I can't imagine that the power source having any effect on the danger/severity of kick-back - - wear a helmet with hearing protection and a screened face guard (about $30) and treat the tool with respect -
I've never broken a chain in 30 years of pushing the envelope - occasionally one will come off the bar, never any injury - released from the power, the chain stops immediately -
get the 16" bar - more versatile, more reach -
occasionally one will come off the bar, never any injury -
Not as lucky as you -- Horizonal over the head cuttoff of a 10 " dia post with 16" external roller bar (no longer made) when roller cracked and chain rolled off - 157 stitches in left hand, cracked glasses, gash in forehead. This type injury brought a quick demise to external roller bars.
ouch - - I admit, I've been a lucky man - - various close calls, only a few minor scars to show -"there's enough for everyone"
IMO the key to using a chainsaw is the chain. Google, or use any other favorite search engine, 'Carbide Chainsaw chains' or some reasonable variation, I have done this some time ago. Look for sites concerned with firefighting.
Firemen use chainsaws to ventilate roofs. They chew through plywood, shingles, nails and sheet metal with relative abandon. The chains they use have carbide teeth and special depth control tabs to keep the chain from grabbing too much material at one go.
This use by fire departments seems very much like conventional demolition work common to remodelers. Of course a single average fireman makes a well equipped demolition crew seem timid and quite fey by comparison. What a carpentry crew takes a week to assemble a fireman can dismantle in an hour. One of the toys that make this possible is a chainsaw.
From: http://www.tempest-edge.com/pages/faq.htm#4
What types of materials can the VentMaster saw cut through?
The Ventmaster can cut through wood framing, sheet metal, asphalt shingles, and green wood. It is even effective on metal roll up doors commonly found on industrial warehouses. It can also cut through car
bodies, hoods, and windshields.
Also:
What type of chain is used on the VentMaster?
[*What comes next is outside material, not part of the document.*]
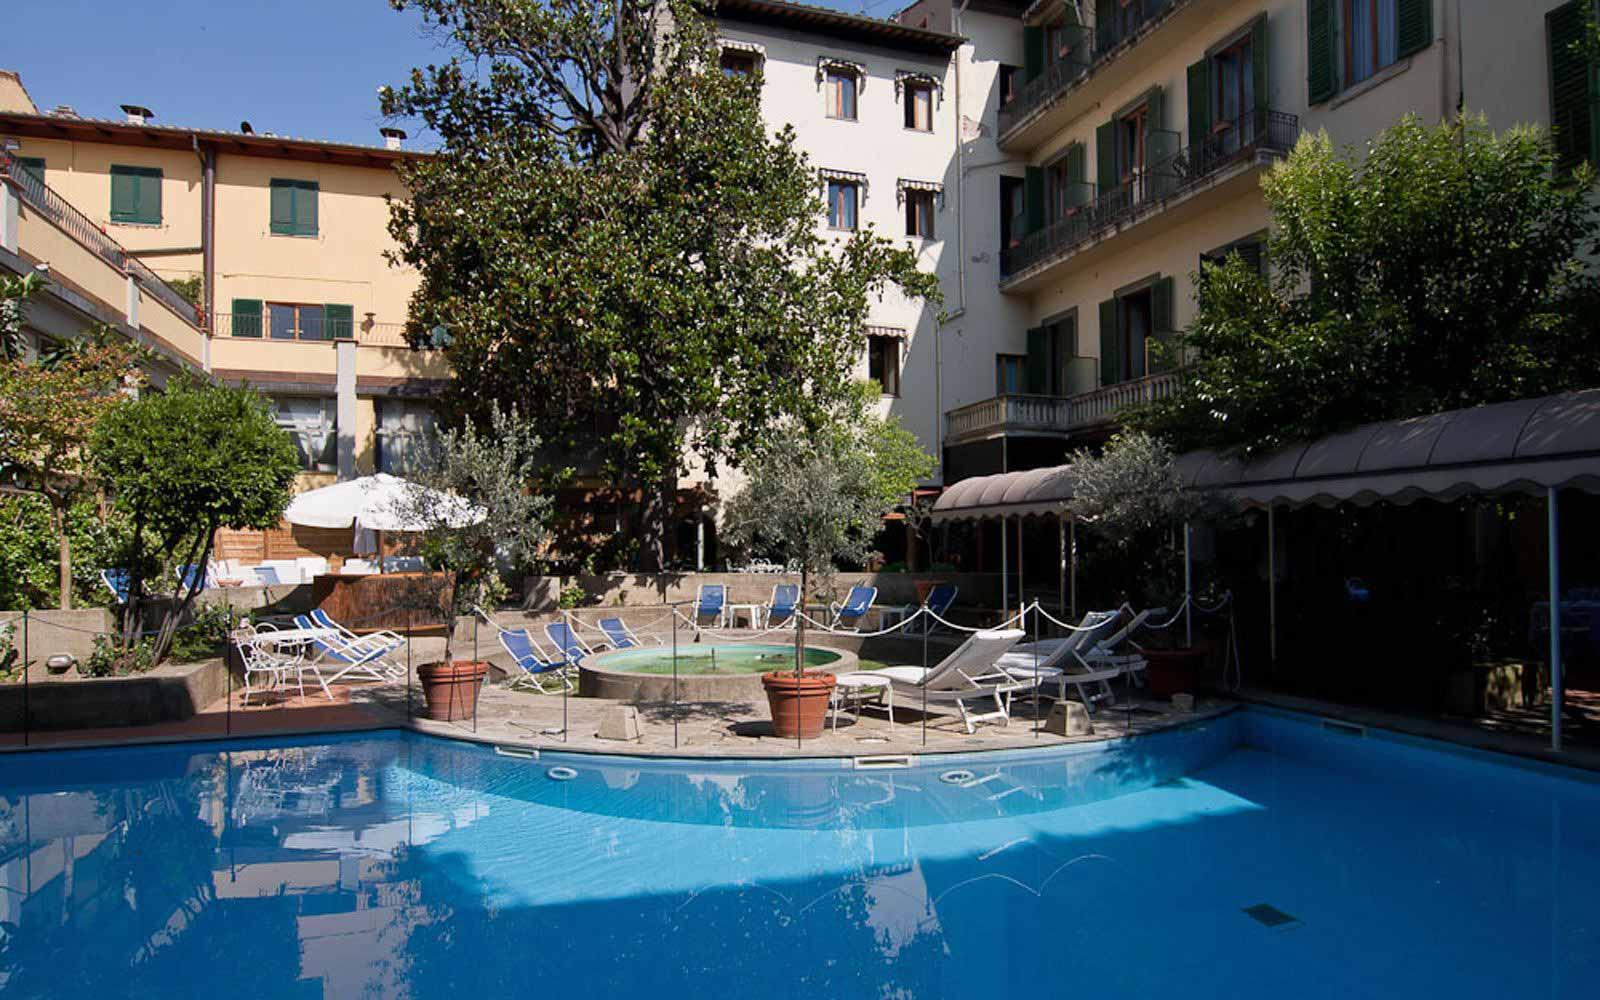 The pool at Hotel Croce di Malta

The VentMaster features the exclusive Raptor Carbide chain. It is a .404 (also available in .375) pitch; .063-gauge chain built to Tempest’s specifications and it is designed to cut through many materials encountered during fire and rescue operations. It features a dual, open raker design, which provides extra protection for the carbide cutter and allows the chain to self-clean and ventilate. It also features a wide gullet, which allows the saw to cut more material, faster than narrow gullet saws. These features also reduce the heat build up during heavy metal cutting. The Raptor Carbide Chain stays sharper longer and retains cutter life longer than other carbide chains used by the fire service.
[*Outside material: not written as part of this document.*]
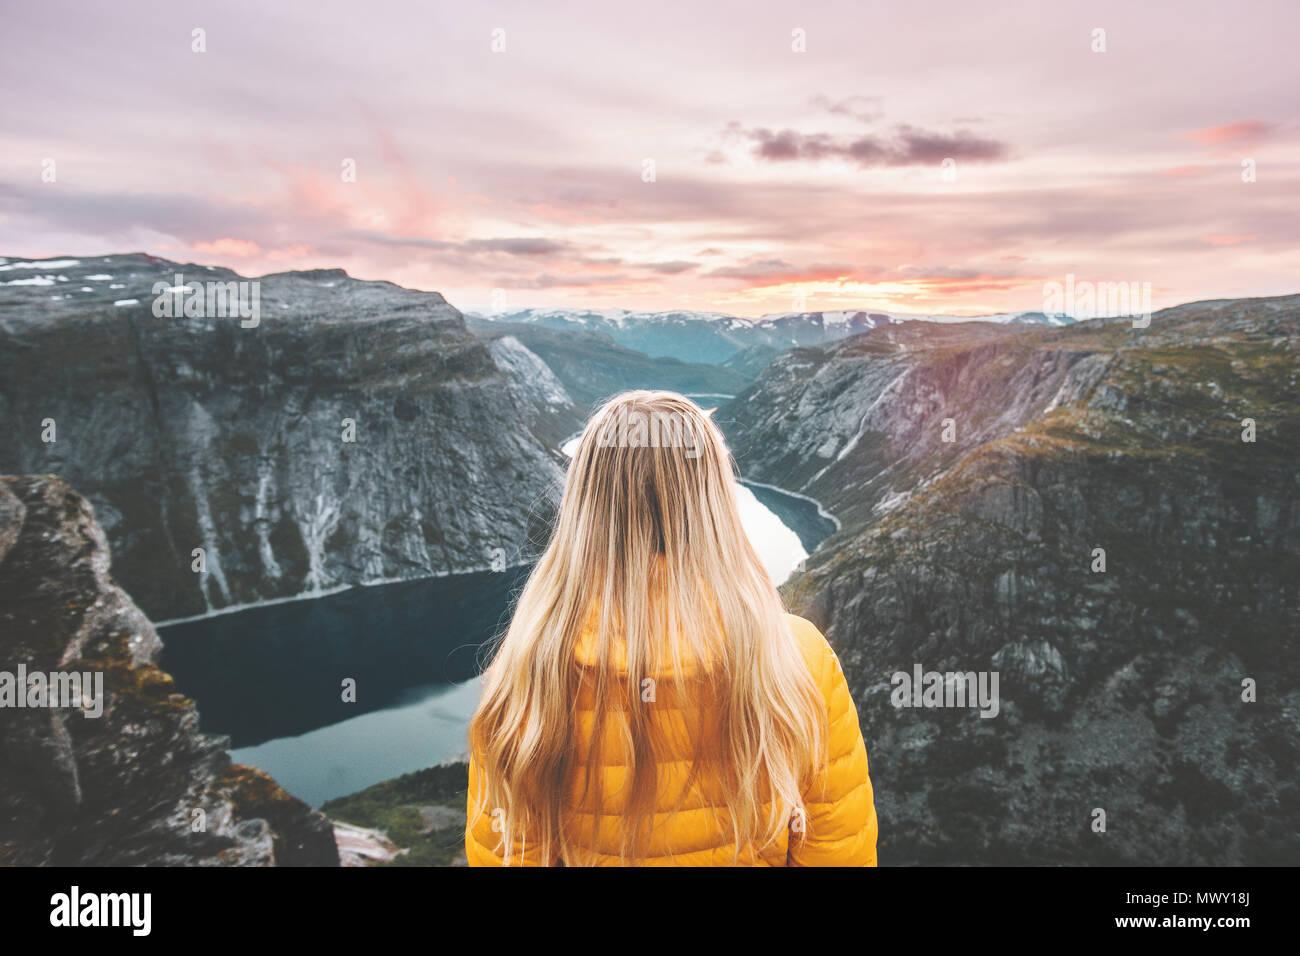 Femme voyageant seule profitant du paysage montagnes coucher de soleil vacances vie voyage aventure aérienne weekend Norvège paysage lac Banque D'Images

Can I put the Raptor chain on my existing chain saw?
Yes. Most chain saws can be fitted with the Tempest Raptor carbide-tipped chain. The power head must be 5.4 hp or greater to maintain the proper speed for the .404 Pitch/.063 Gauge Raptor Carbide Tipped Chain. A 4.5hp or greater saw head must be used to run the .375 Pitch/.063 Gauge Raptor Chain.
What is the cost of sharpening my Raptor chain?
In some cases cutter will need to be replaced at the same time that the chain is sharpened. Contact Tempest Customer Service for additional information on chain repair prices.
Can I put the VentMaster roller-nose bar on my existing chain saw?
Yes. Tempest manufactures bars to fit a variety of chain saw makes and models and can upgrade most saws of recent manufacture.
Yep, you need the type of chainsaw that firemen use.
Stihl makes a rescue saw. See link
http://www.stihlusa.com/chainsaws/MS460Rescue.html
I blundered into a fire equipment show some years back and ran across a booth selling rescue saws. IIRC, they were using a standard saw. The difference was a heavy-duty nail-eating chain (had bullet-like guards ahead of the teeth) and a sort of "fence" bolted to the bar so that about 6" protruded. This let them cut through the roof without having to worry too much about hitting wires, air handlers, etc, inside.